Maybe you called the pizza joint but accidentally called anorexics anonymous and felt really guilty afterwards.

On one occasion I even went to pick up pizza my wife ordered, only I went to the wrong pizza place. What was even worse was they gave me two pizzas and sent me on my way.

It was only when I got home and my wife opened the boxes did she smell something funny, and it wasn't the food.

After grilling me with questions under a very bright 100-watt light bulb for several minutes, she discovered I had gone to the wrong place and picked up someone else's pizza.

Now, as bad as that may seem, it is nothing compared to a man in Campbell River who called police headquarters to score some drugs.

How stupid or doped up do you have to be to call the police for some illegal drugs?

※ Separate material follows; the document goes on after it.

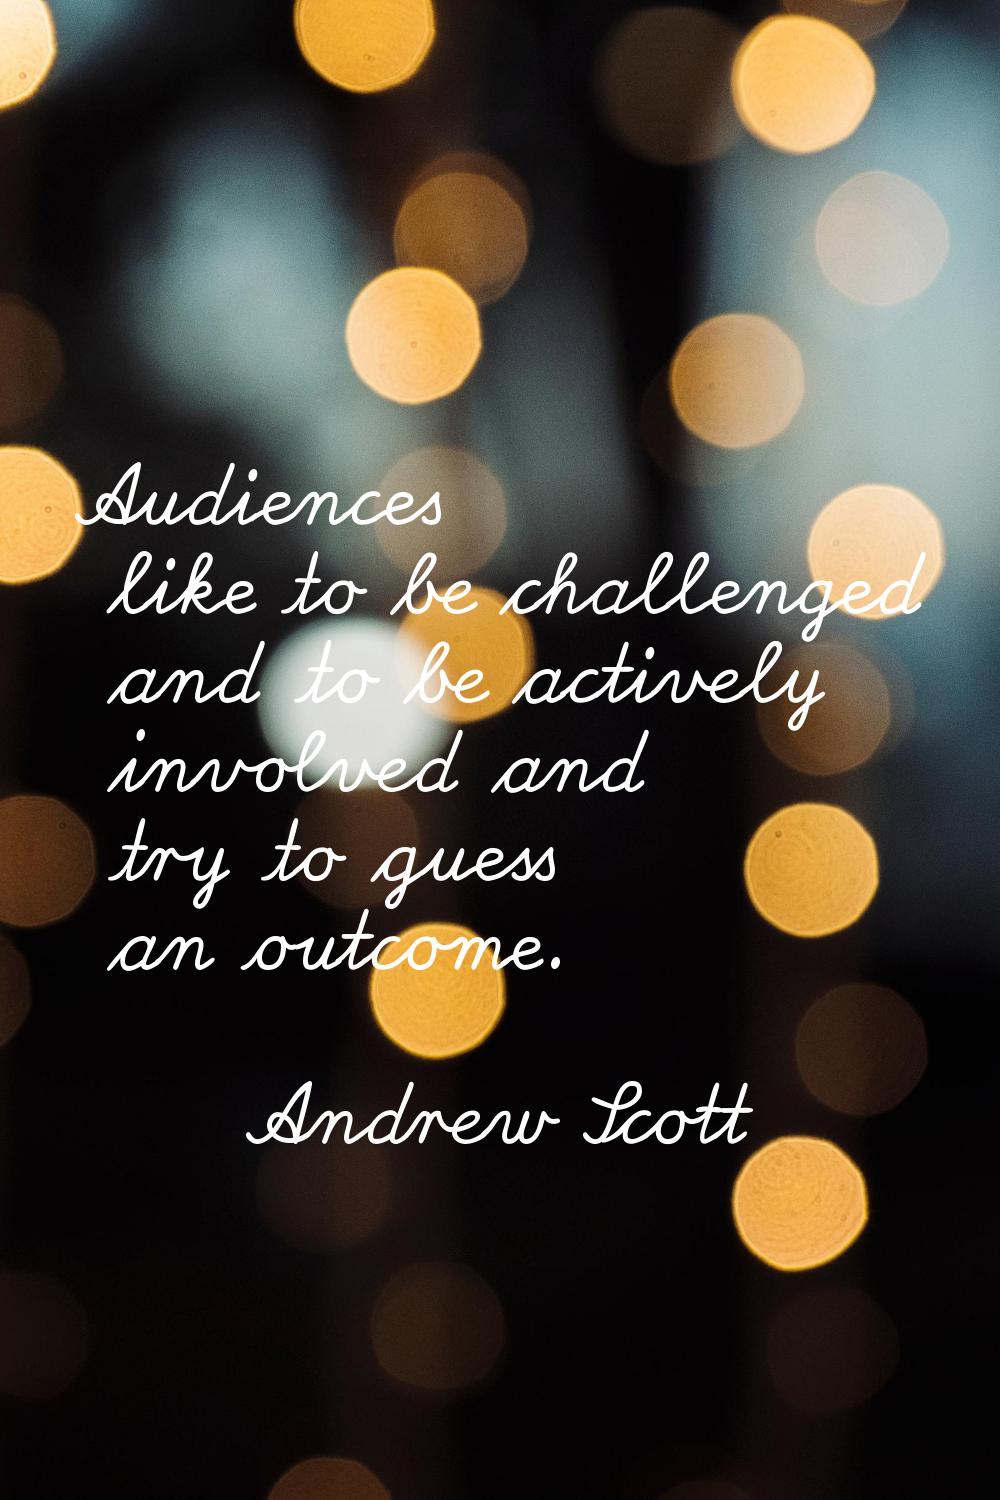 Audiences like to be challenged and to be actively involved and try to guess an outcome.

"Hey honey, what's the number for our local drug dealer? Are you sure? Cause I don't want to end up calling the police by mistake again. That was really embarrassing the last time and it took years before they stopped ribbing me about it."

Not only did this guy call the police for drugs, but he called them a second time to confirm the meeting and ask the officer if he was willing to trade some Oxys for $100 worth of drugs.

What a maroon.

The guy was arrested when he showed up for the meeting.

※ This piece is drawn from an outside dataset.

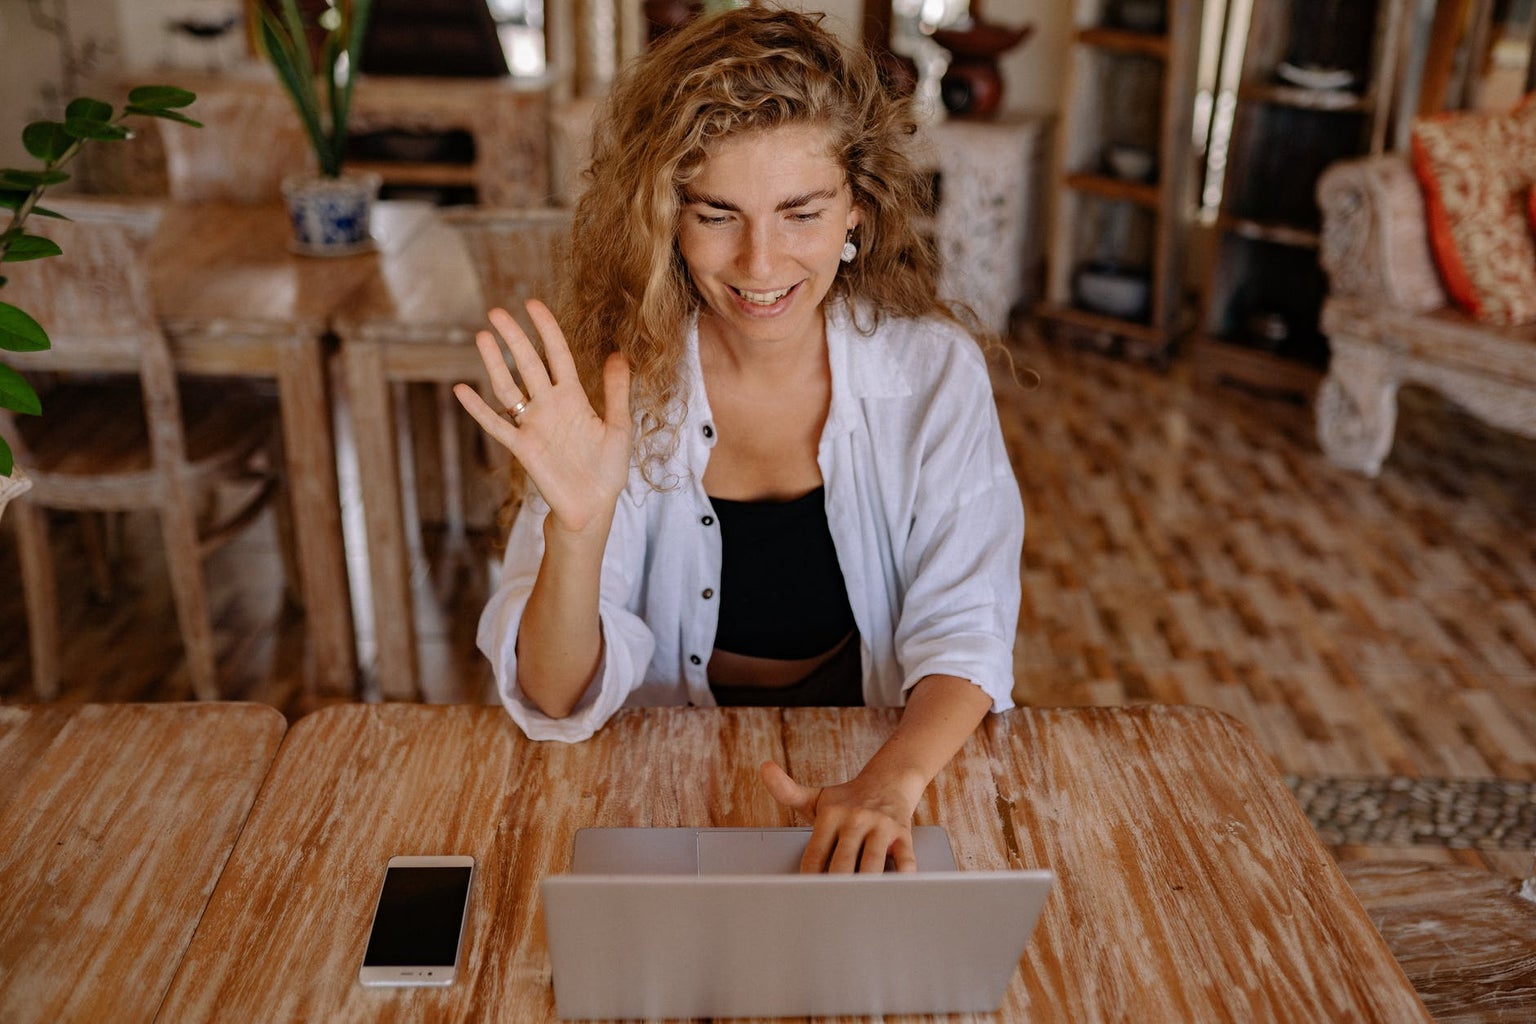 Woman with curly hair waving and saying hi to someone through her laptop.

Charges of being totally stupid are pending.

Speaking of stupid... Roy Lester, a 61-year-old lifeguard from Long Beach, New York has been told that he has to wear skimpy swimming briefs instead of the cycling shorts he prefers, and as far as I am concerned, the Office of Parks, Recreation and Historic Preservation, whom Lester sued, is totally wrong.

Who in their right mind wants to see a 61-year-old in skimpy swim trunks?

A law should have been introduced a long time ago banning all, especially hairy men, from wearing such trunks in public.

Now, there are some people who don't mind seeing young, fit males in a pair of swim trunks resembling a marble pouch. But who wants to be lying on a beach only to have a 61-year-old wearing such a body-hugging device stand over them? And what function could that possibly have? Any instruction he may be giving you will only go in one ear and out the other.

Maybe the donkeys at the Office of Parks, Recreation and Historic Preservation should all be forced to wear the junk-hugging briefs they wanted Mr. Lester to don and spend a day patrolling the frigid waters of Long Island, and then make an informed decision if Lester's cycling trunks are indeed appropriate apparel.

The shrinkage factor alone may cause them to change their minds.